» **ASSIGNED TASK**
An exact copy of the listing below is required, minus its pictures.

» **DATA**
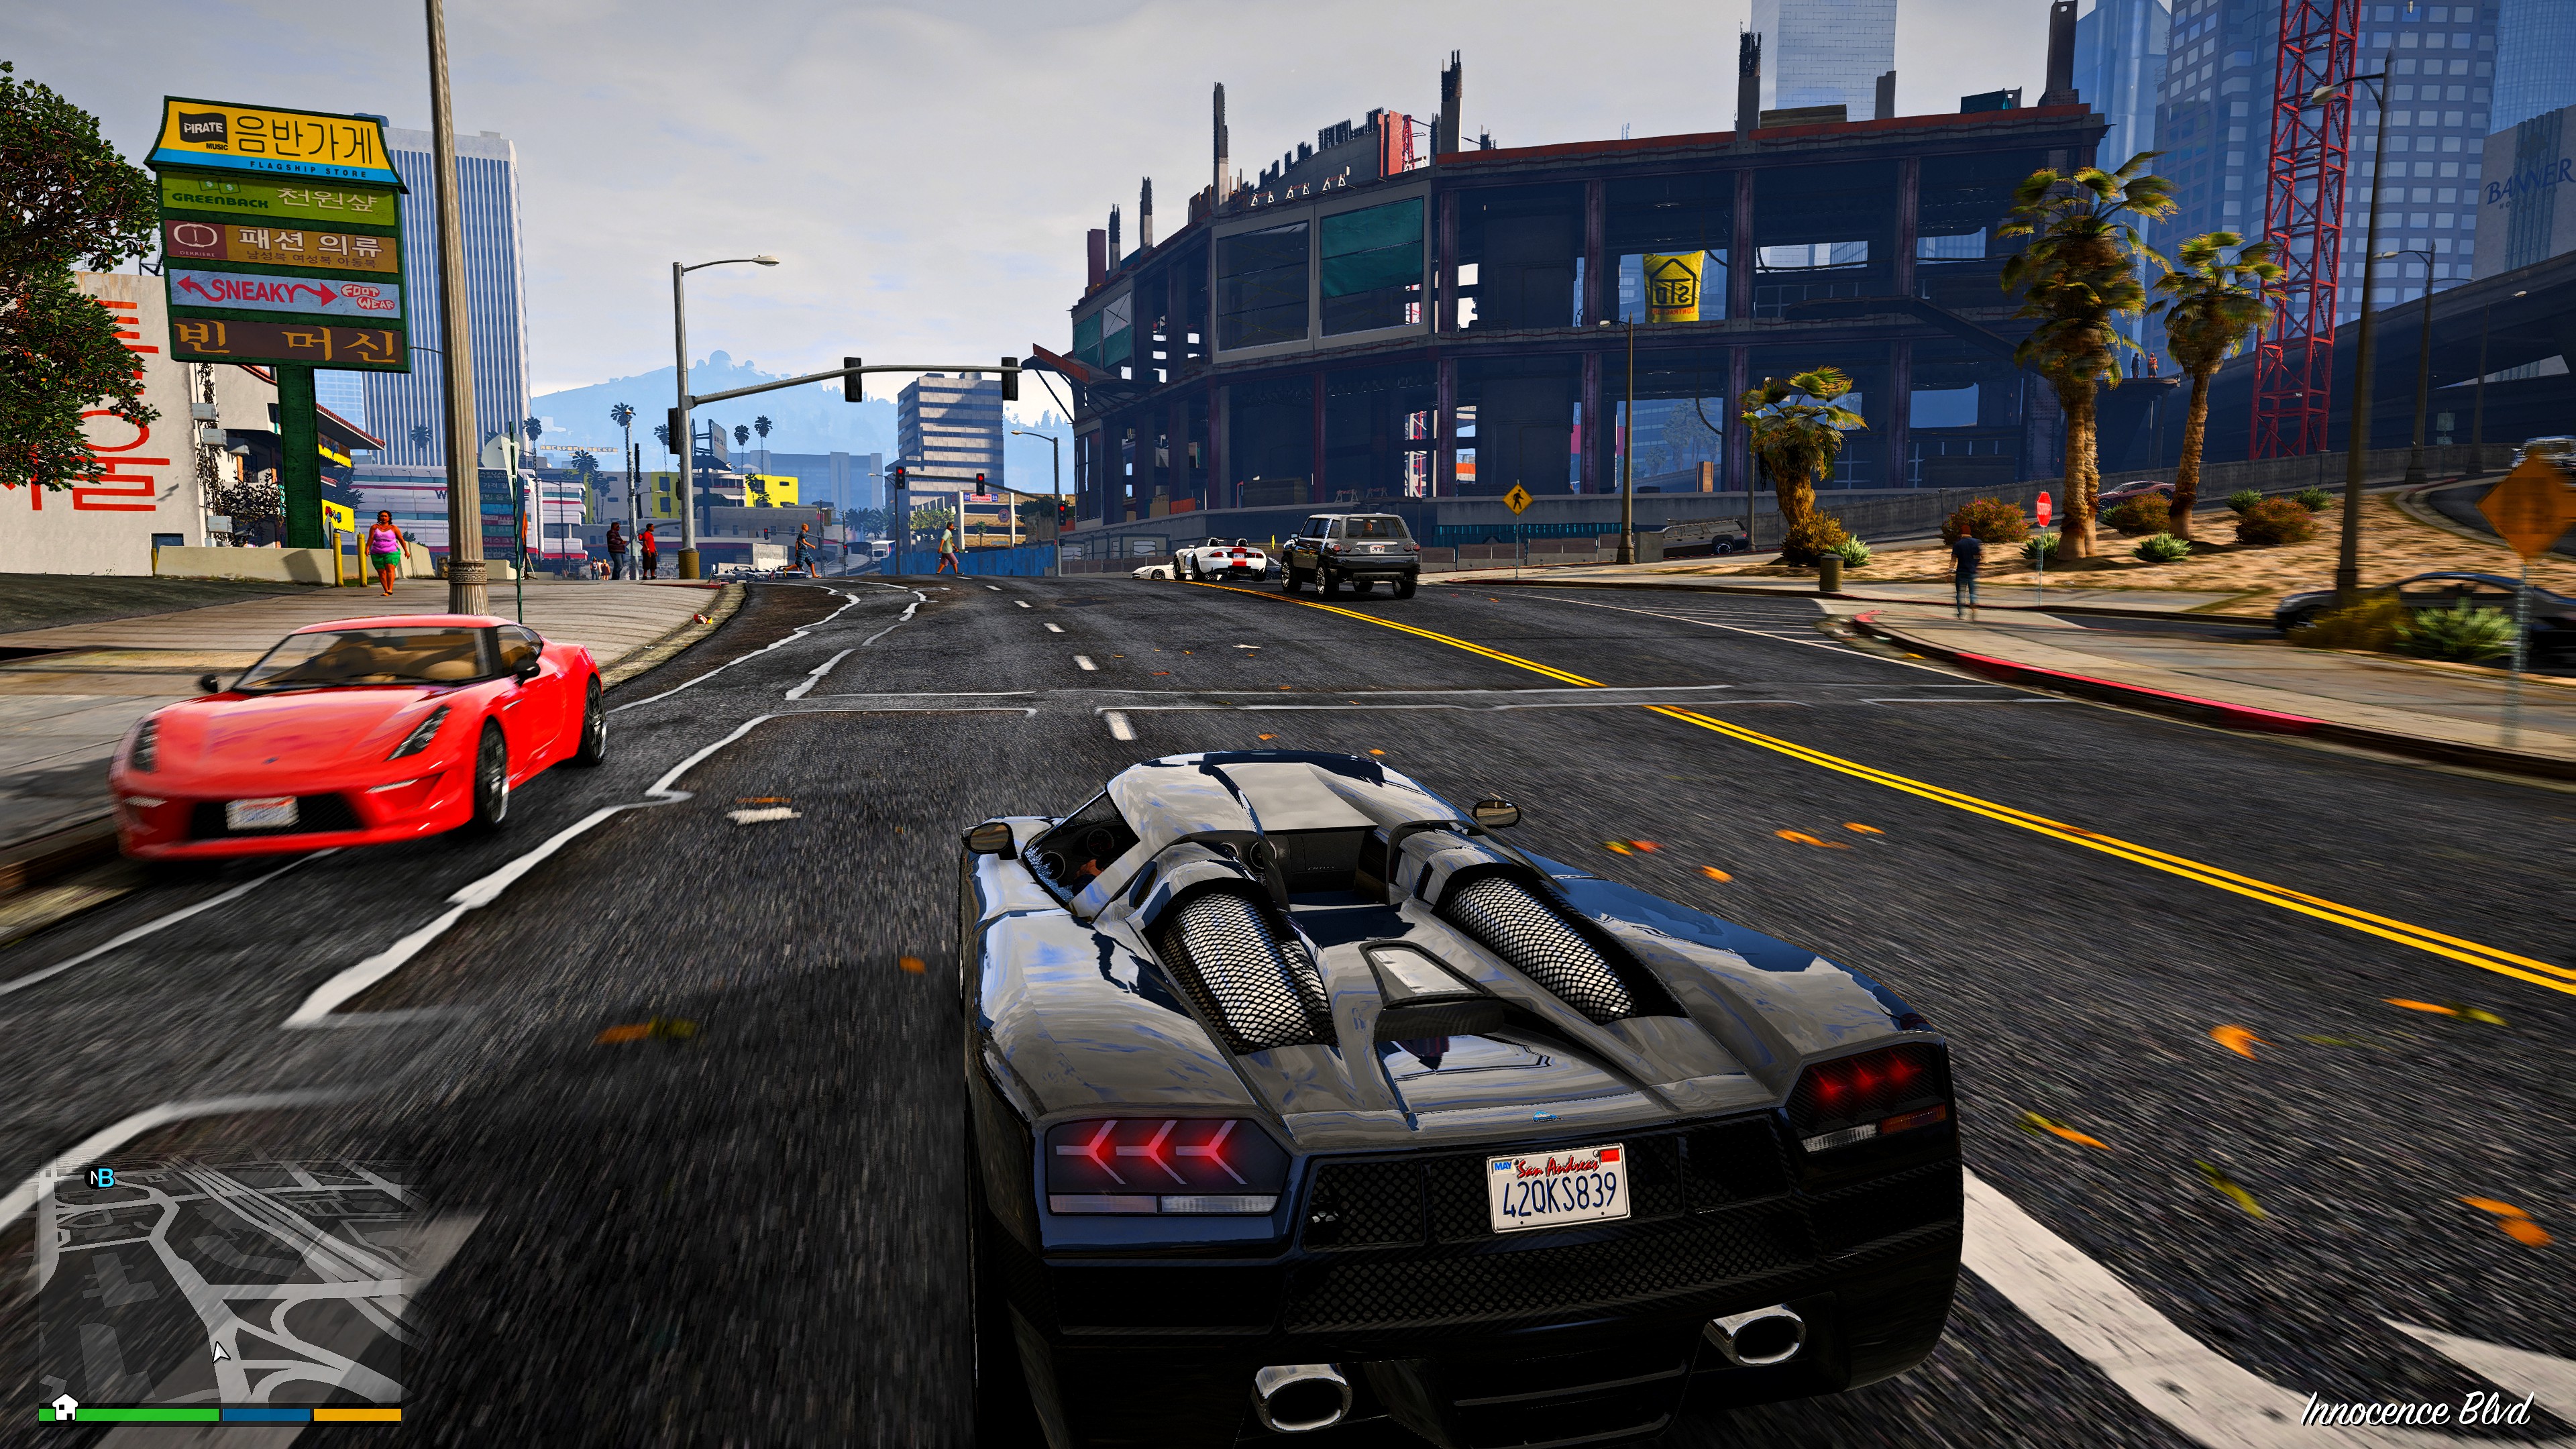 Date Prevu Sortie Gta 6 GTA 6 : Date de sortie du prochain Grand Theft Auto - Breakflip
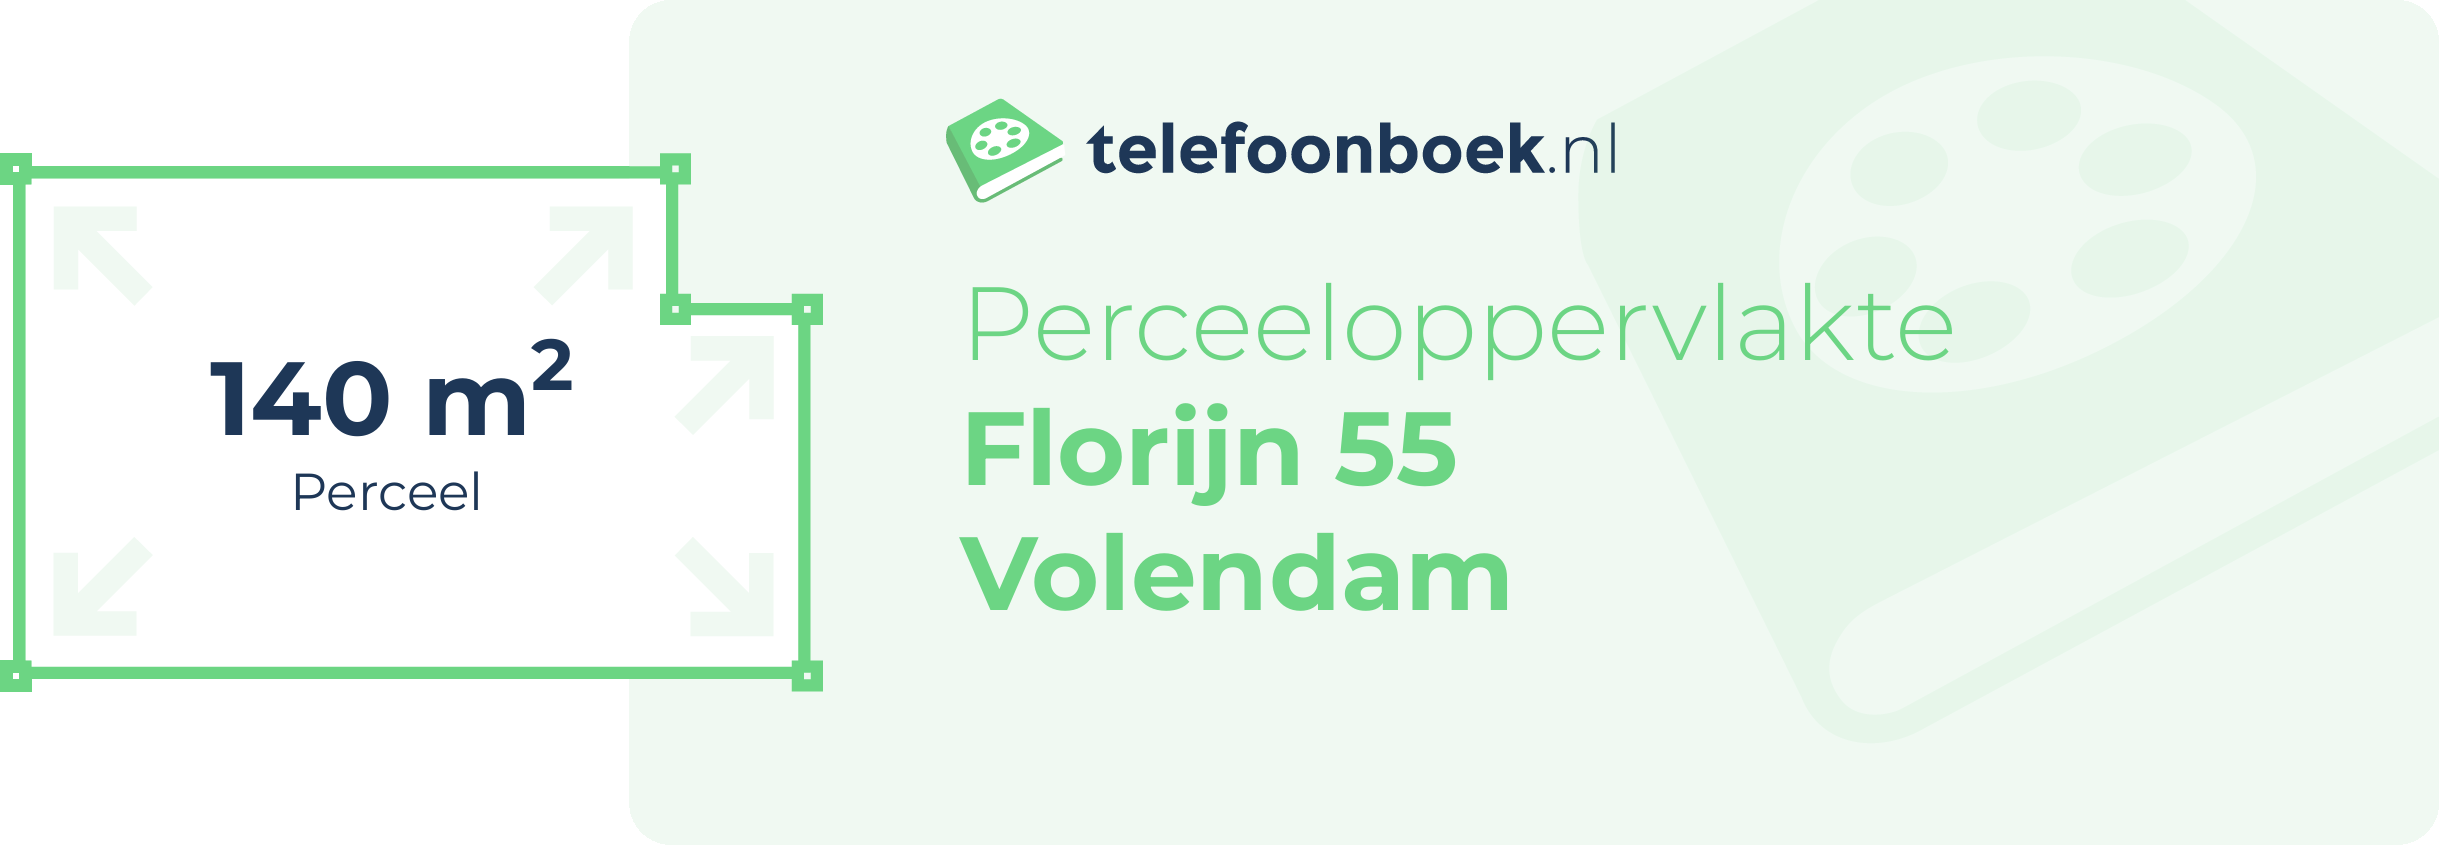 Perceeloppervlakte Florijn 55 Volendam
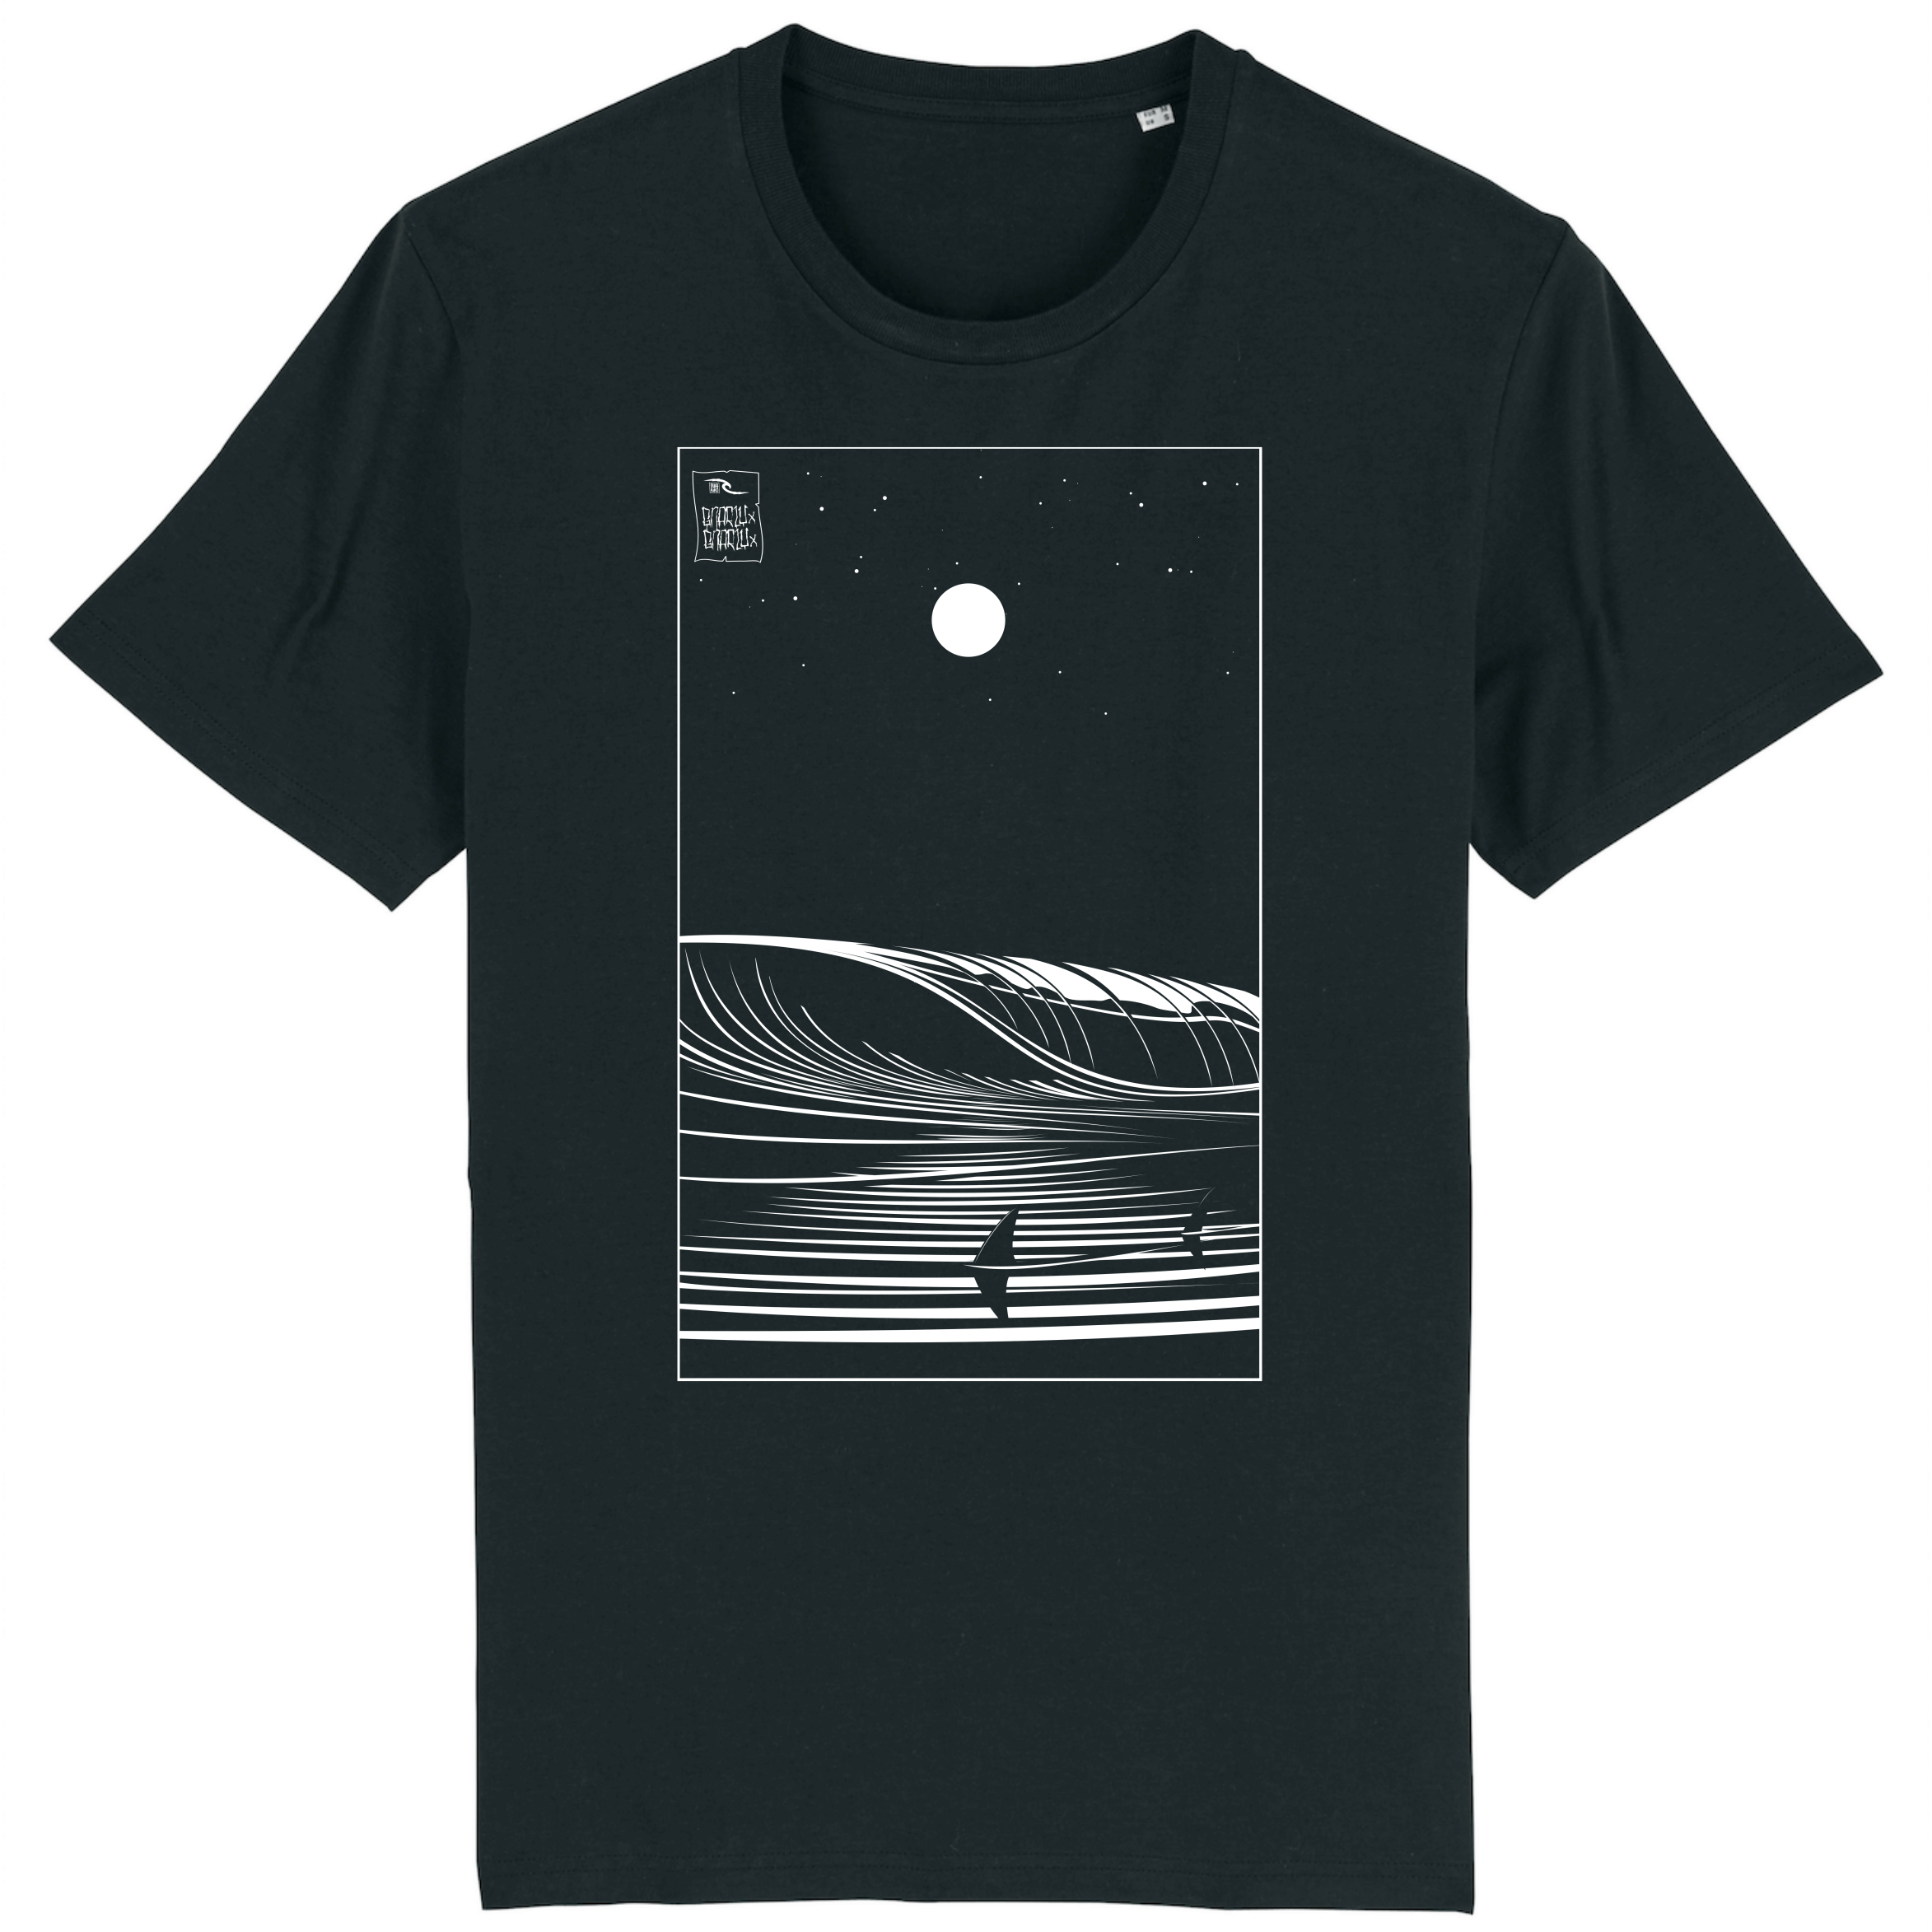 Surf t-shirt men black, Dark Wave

» **OUTPUT**
 Date Prevu Sortie Gta 6 GTA 6 : Date de sortie du prochain Grand Theft Auto - Breakflip
 Perceeloppervlakte Florijn 55 Volendam
 Surf t-shirt men black, Dark Wave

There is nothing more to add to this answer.